Obviously, a clear understanding of how our primitive software uses our appetites to shove us around means it’s wise to question these loud, insistent signals. Ideally we endeavour to hear “the still small voice” before choosing a course of action. For some of us that may mean pausing to think things through before acting. For others it may mean making the more ambitious effort to hear from our inner sage, however we do that.

It is important too to prepare for the unexpected by building resilience to stress. When we’re tired or hungry for instance, or otherwise under pressure, those mammalian instincts work at lightning speed. It can be much harder to steer for what serves us best.

Intriguingly, the implications of “not running on impulses” may be far broader than we generally realise. Our mammalian drives/appetites function by generating feelings of scarcity. Think about it. Whether horniness or hunger, such feelings are sensations of lack. They drive us by making us feel like we must have something from outside ourselves to feel okay. They work at a subconscious level and can feel like a threat to our very survival, a matter of life or death.

But what if our collective thoughts, feelings and expectations shape our experience of the material plane? If so, our collective feelings of lack would inevitably show up as a downward spiral, despite occasional advances. In this way, we would inadvertently create stagnation and chaos, a sort of hell. Hmmm….

The antidote of wholeness

Practices like Synergy and meditation help counter the spiral of collective deterioration. Deep feelings of wholeness (freedom from feelings of lack) sculpt a very different experience of materiality. Better yet, the more you practice them, the quieter your mammalian impulses, and the easier it is to steer for your true wellbeing.

So, do everyone a favour including yourself. Find a Synergy partner and generate powerful feelings of contentment and serenity. Do that until you’re satisfied.

And remember: the devil is merely our collective personification of mindless mammalian impulses. Don’t be deceived.

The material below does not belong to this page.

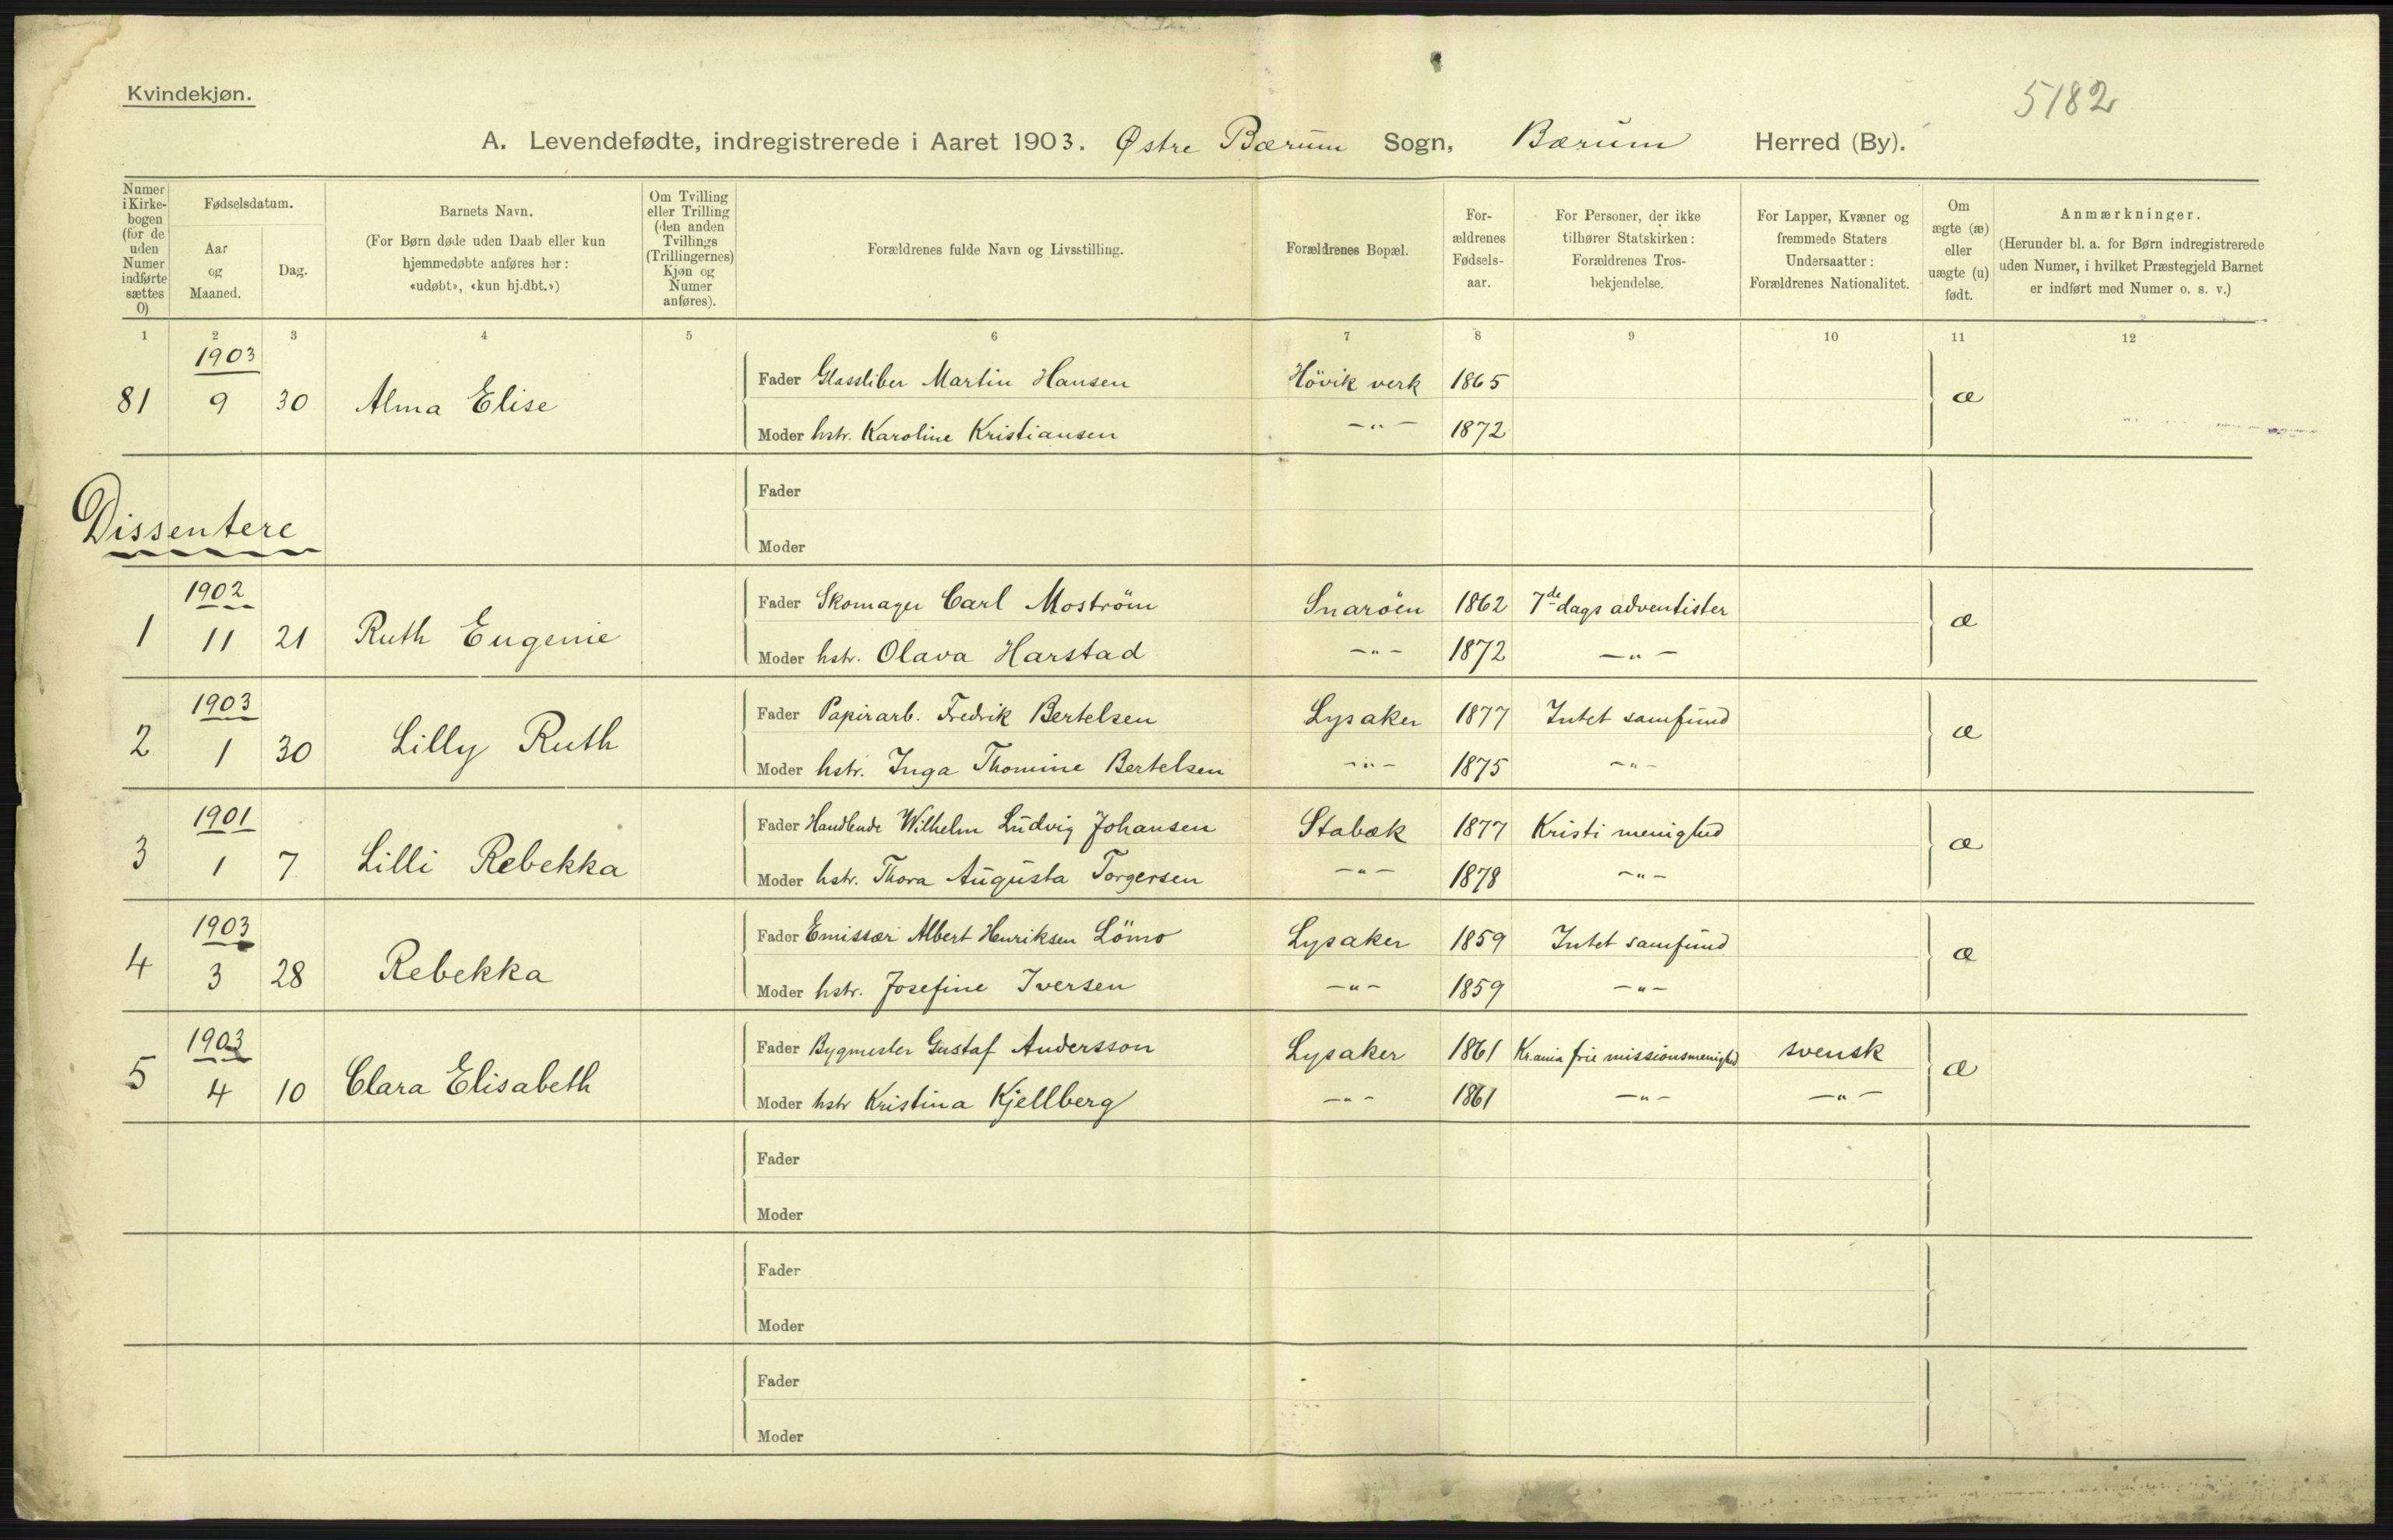 RA, Statistisk sentralbyrå, Sosiodemografiske emner, Befolkning, D/Df/Dfa/Dfaa/L0002: Akershus amt: Fødte, gifte, døde, 1903, s. 3

* The main character in Goethe’s Faust was tempted by Mephistopheles, who promoted ‘desire’ for material things. Goethe recognised that untrammelled desire, i.e., giving in to appetitive cravings and fantasies, was the root of “evil”. The big question in the book was whether humans would stop chasing their appetites and seek reunion with the divine instead. At the start, Lucifer said he’d win. God had no concern that in the end everyone would choose reunion. That’s what free will is all about.